Assume velocities are positive to the right. The initial velocities are:

\nu_{A}=2 \mathrm{~m} / \mathrm{s} \quad \nu_{B}=0 \quad \nu_{C}=-1.5 \mathrm{~m} / \mathrm{s}

Let \nu_{A}^{\prime}, \nu_{B}^{\prime}, and \nu_{C}^{\prime} be the final velocities.

(a) Cars A and C hit B at the same time. Conservation of momentum for all three cars.
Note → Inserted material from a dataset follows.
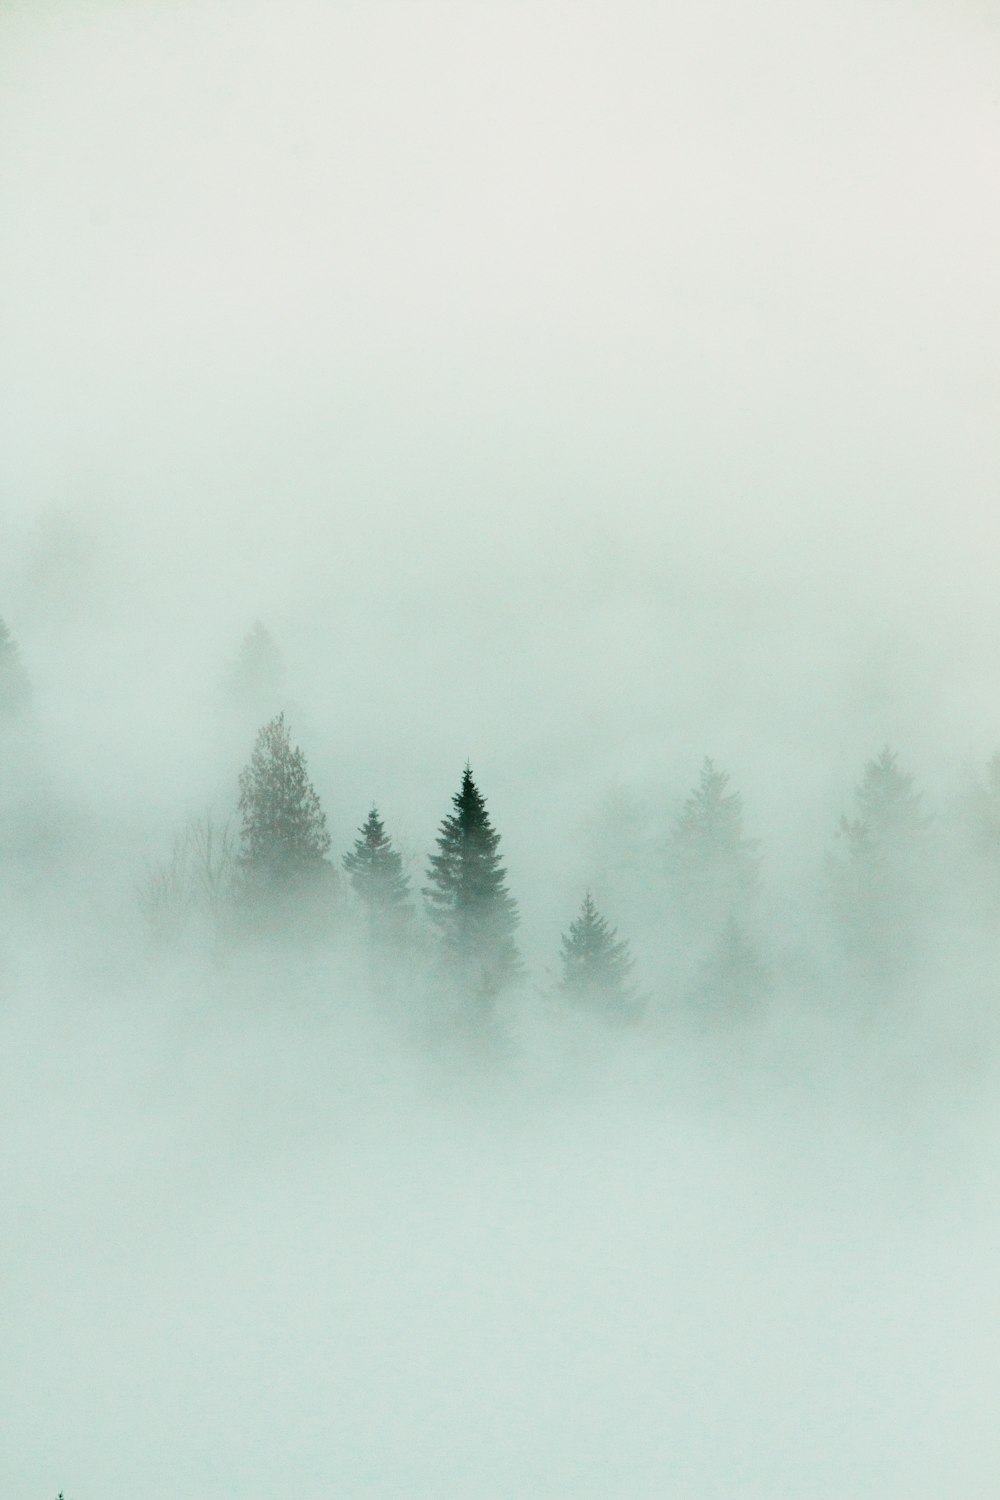 green pine trees covered with white fog

\begin{gathered}m_{A} \nu_{A}+m_{B} \nu_{B}+m_{C} \nu_{C}=m_{A} \nu_{A}^{\prime}+m_{B} \nu_{B}^{\prime}+m_{C} \nu_{C}^{\prime} \\(240)(2)+0+(235)(-1.5)=240 \nu_{A}^{\prime}+260 \nu_{B}^{\prime}+235 \nu_{C}^{\prime}\quad\quad \text{(1)}\end{gathered}

Coefficient of restition for cars A and B.

\nu_{B}^{\prime}-\nu_{A}^{\prime}=e\left(\nu_{A}-\nu_{B}\right)=(0.8)(2-0)=1.6    (2)

Coefficient of restitution for cars B and C.

\nu_{C}^{\prime}-\nu_{B}^{\prime}=e\left(\nu_{B}-\nu_{C}\right)=(0.8)[0-(-1.5)]=1.2    (3)

Solving Eqs. (1), (2), and (3) simultaneously,

\begin{array}{r}\nu_{A}^{\prime}=-1.288 \mathrm{~m} / \mathrm{s} \quad \nu_{B}^{\prime}=0.312 \mathrm{~m} / \mathrm{s} \quad \nu_{C}^{\prime}=1.512 \mathrm{~m} / \mathrm{s} \\\mathbf{v}_{A}^{\prime}=1.288 \mathrm{~m} / \mathrm{s} \longleftarrow\blacktriangleleft \\\mathbf{v}_{B}^{\prime}=0.312 \mathrm{~m} / \mathrm{s} \longrightarrow\blacktriangleleft \\\mathbf{v}_{C}^{\prime}=1.512 \mathrm{~m} / \mathrm{s} \longrightarrow\blacktriangleleft\end{array}

(b) Car A hits car B before C does.

First impact. Car A hits car B. Let \nu_{A}^{\prime} and \nu_{B}^{\prime} be the velocities after this impact. Conservation of momentum for cars A and B.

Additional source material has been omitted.